The public is fascinated (although what do they know, right?). A reader says about “Until I Smile At You”, the new (and only) book written about Ruth Lowe (untilismileatyou.com): “Story about a little known Canadian who deserves more recognition. I very much enjoyed the story and the history involved about a Woman from Toronto who even though she mingled with the rich and famous never forgot where she came from. She chose to leave it behind to come home and become a wife and mother. She sounds like the kind of person who would enhance the lives she touched.
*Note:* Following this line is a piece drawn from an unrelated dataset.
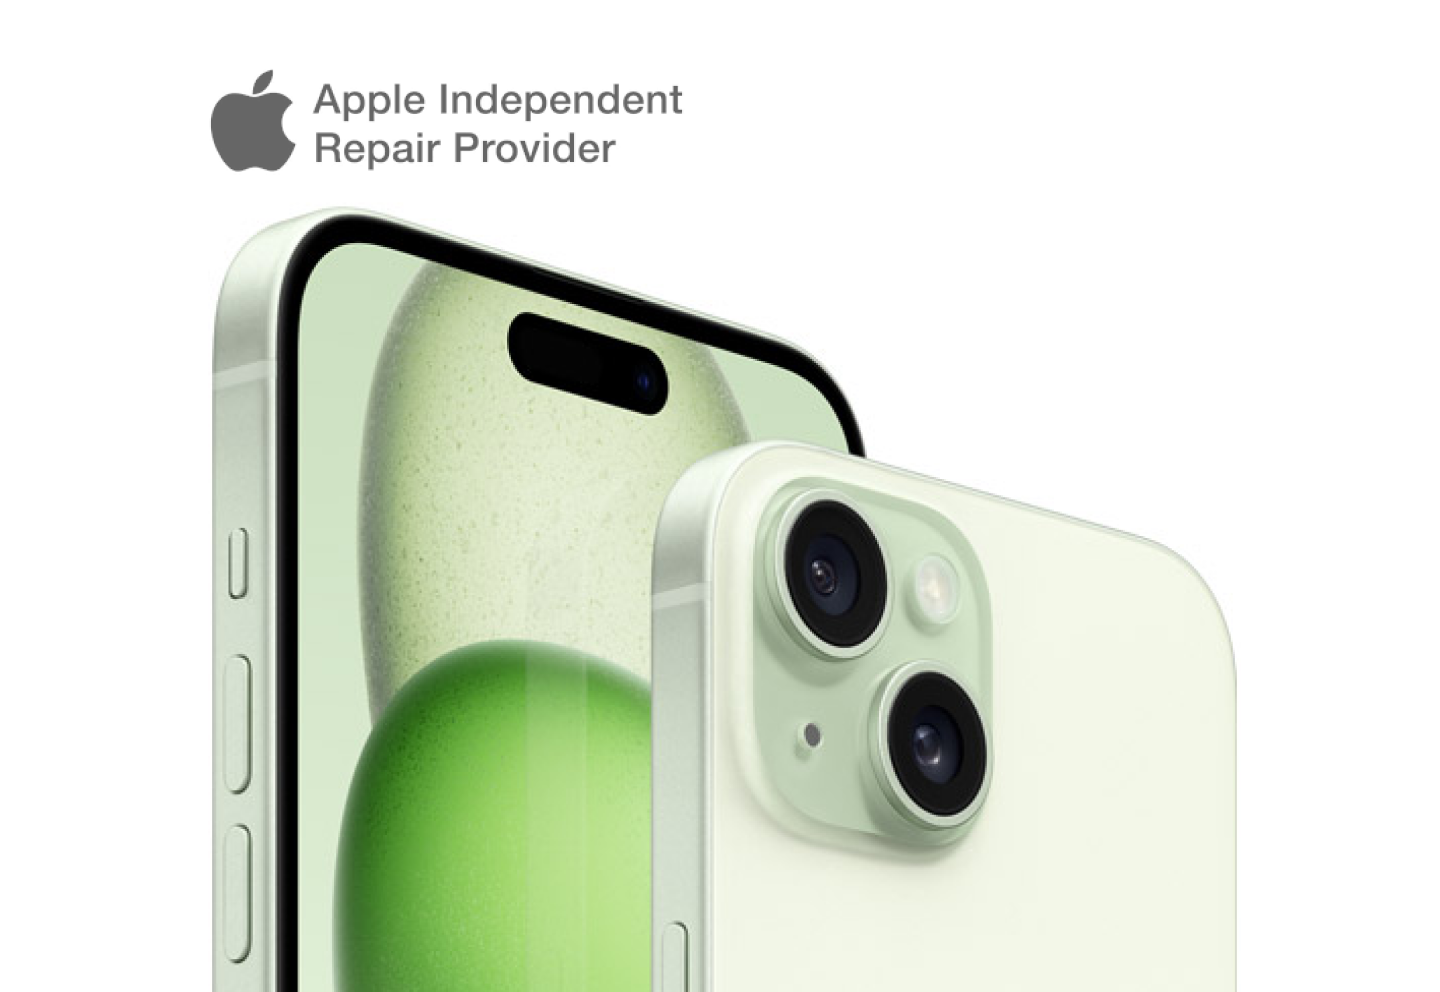 Apple Independent Repair Provider

I wish I had known her.”
Another reader adds, “What a fabulous story about a truly amazing woman.” And a third says, “A sweetly sentimental look at the life of Ruth Lowe, illustrating the contrasting sides of this Canadian composer's life. At once an artist rubbing elbows with showbiz glitterati, she was also a woman who simply wanted love and family.”
OK, do I have an ax to grind here? Sure, I’m the guy who wrote the book about Ms. Lowe along with her son Tom Sandler. Yet I wrote it not for my own grandeur, but to give this remarkable lady the renown she is due. I mean, look at what the U.S. does for Ruth Lowe:
I’m a proud Canadian. But not this month. Not when a genuine heroine is ignored in her own country during Women’s History Month.
For shame, Canada’s media.
But here’s the good news: you’ve got a week to make amends. Women’s History Month lasts until March 31. That’s seven days from now… seven days when you can tell the world about our national heroine. That is, if it’s important at all.